182 Scopus citations


PURPOSE: To identify the psychiatric and epilepsy variables predictive of postsurgical seizure outcome after anterotemporal lobectomy (ATL). METHODS: Retrospective study of 100 consecutive patients with temporal lobe epilepsy (TLE) who underwent ATL. The mean (± SD) follow-up period was 8.3 (± 3.1) years. Three types of surgical outcomes were examined at 2 years after surgery and at last contact: class IA (no disabling seizures no auras), class IA + IB (no disabling seizures), and class IA + IB + IC (no or rare disabling seizures in the first postsurgical year). Logistic regression analyses were performed separately for the three types of surgical outcomes. The epilepsy-related independent variables included age at onset, cause of TLE (mesial temporal sclerosis, lesional and cryptogenic TLE), extent of resection of mesial structures, neuropathologic abnormalities, having only complex partial seizures, and duration of the seizure disorder. The psychiatric independent variables included a postsurgical and presurgical lifetime history of mood, anxiety, attention deficit hyperactivity, and psychotic disorders.

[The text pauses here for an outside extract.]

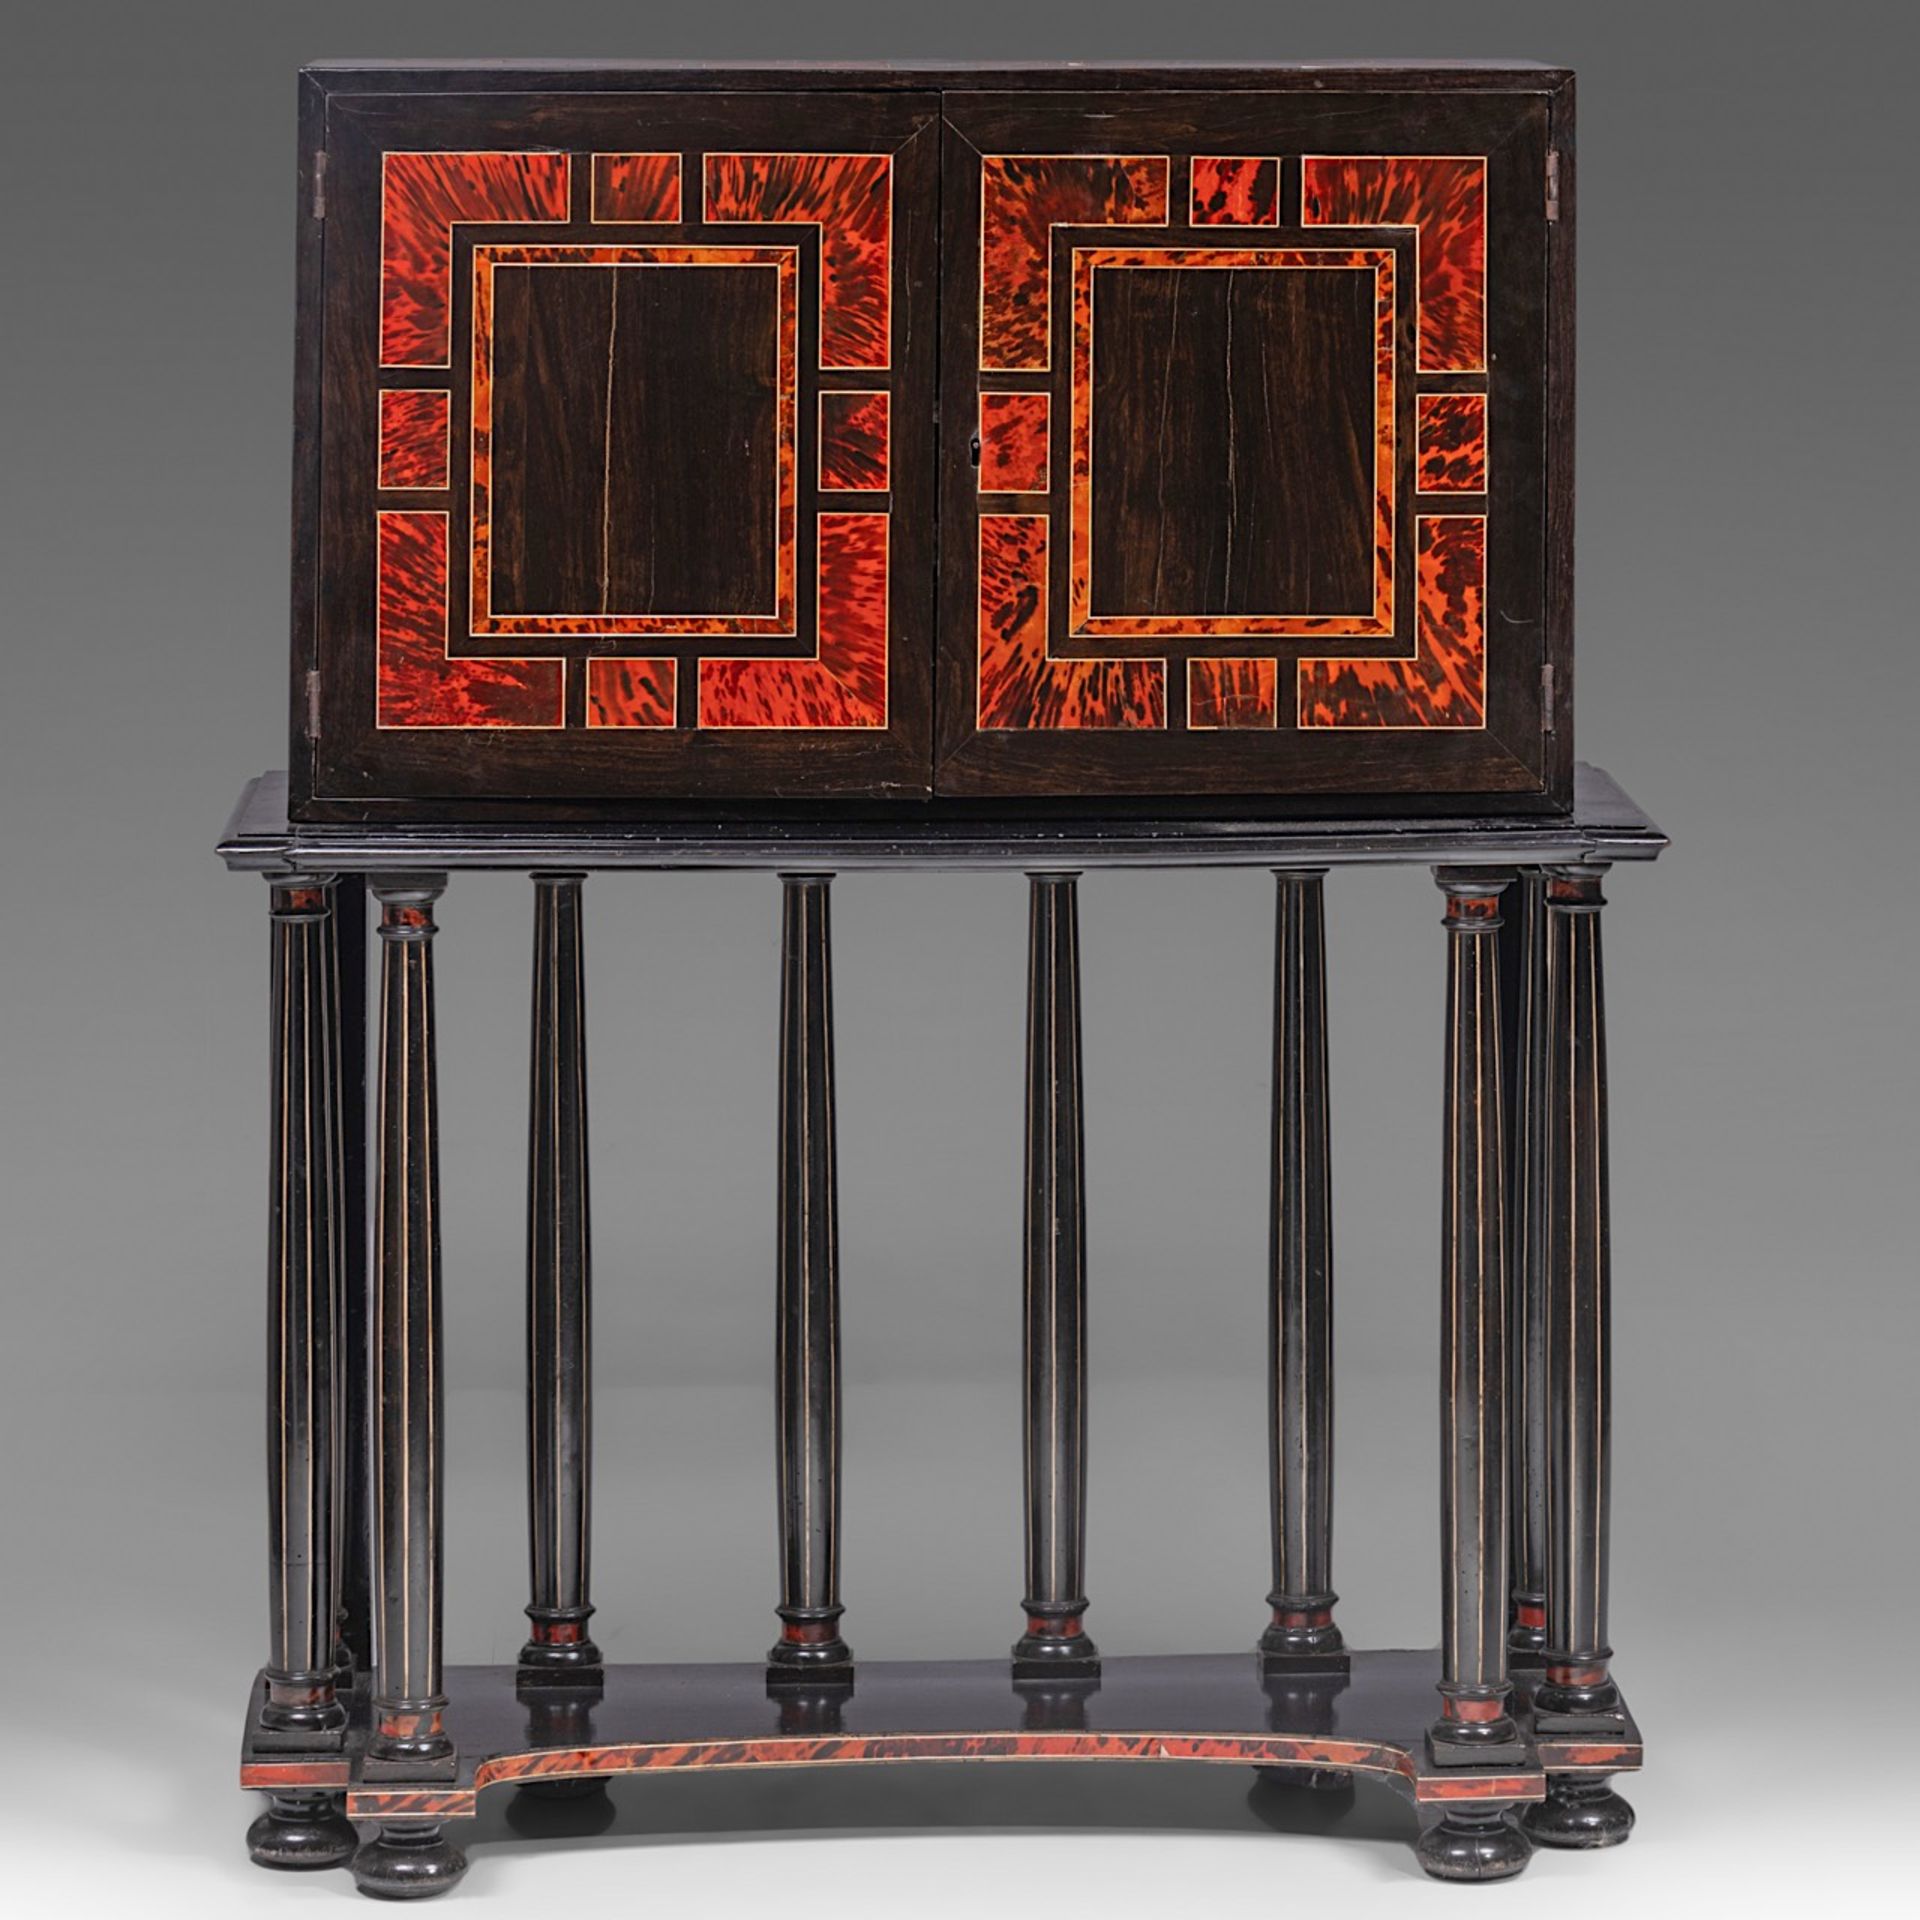 A 17thC Flemish Antwerp ebony, ivory and tortoiseshell cabinet-on-stand, H 137 cm (total) (+) - Image 4 of 9

RESULTS: The absence of a psychiatric history was an independent predictor of all three types of surgical outcomes. In addition, a larger resection of mesial structures was a predictor for class IA outcome, and having only complex partial seizures (vs generalized tonic-clonic seizures) was a predictor for class IA + IB and IA + IB + IC. Having mesial temporal sclerosis (vs other causes of TLE) was a predictor for class IA + IB + IC as well. CONCLUSIONS: These data indicate that a lifetime psychiatric history may be predictive of a worse postsurgical seizure outcome after an anterotemporal lobectomy.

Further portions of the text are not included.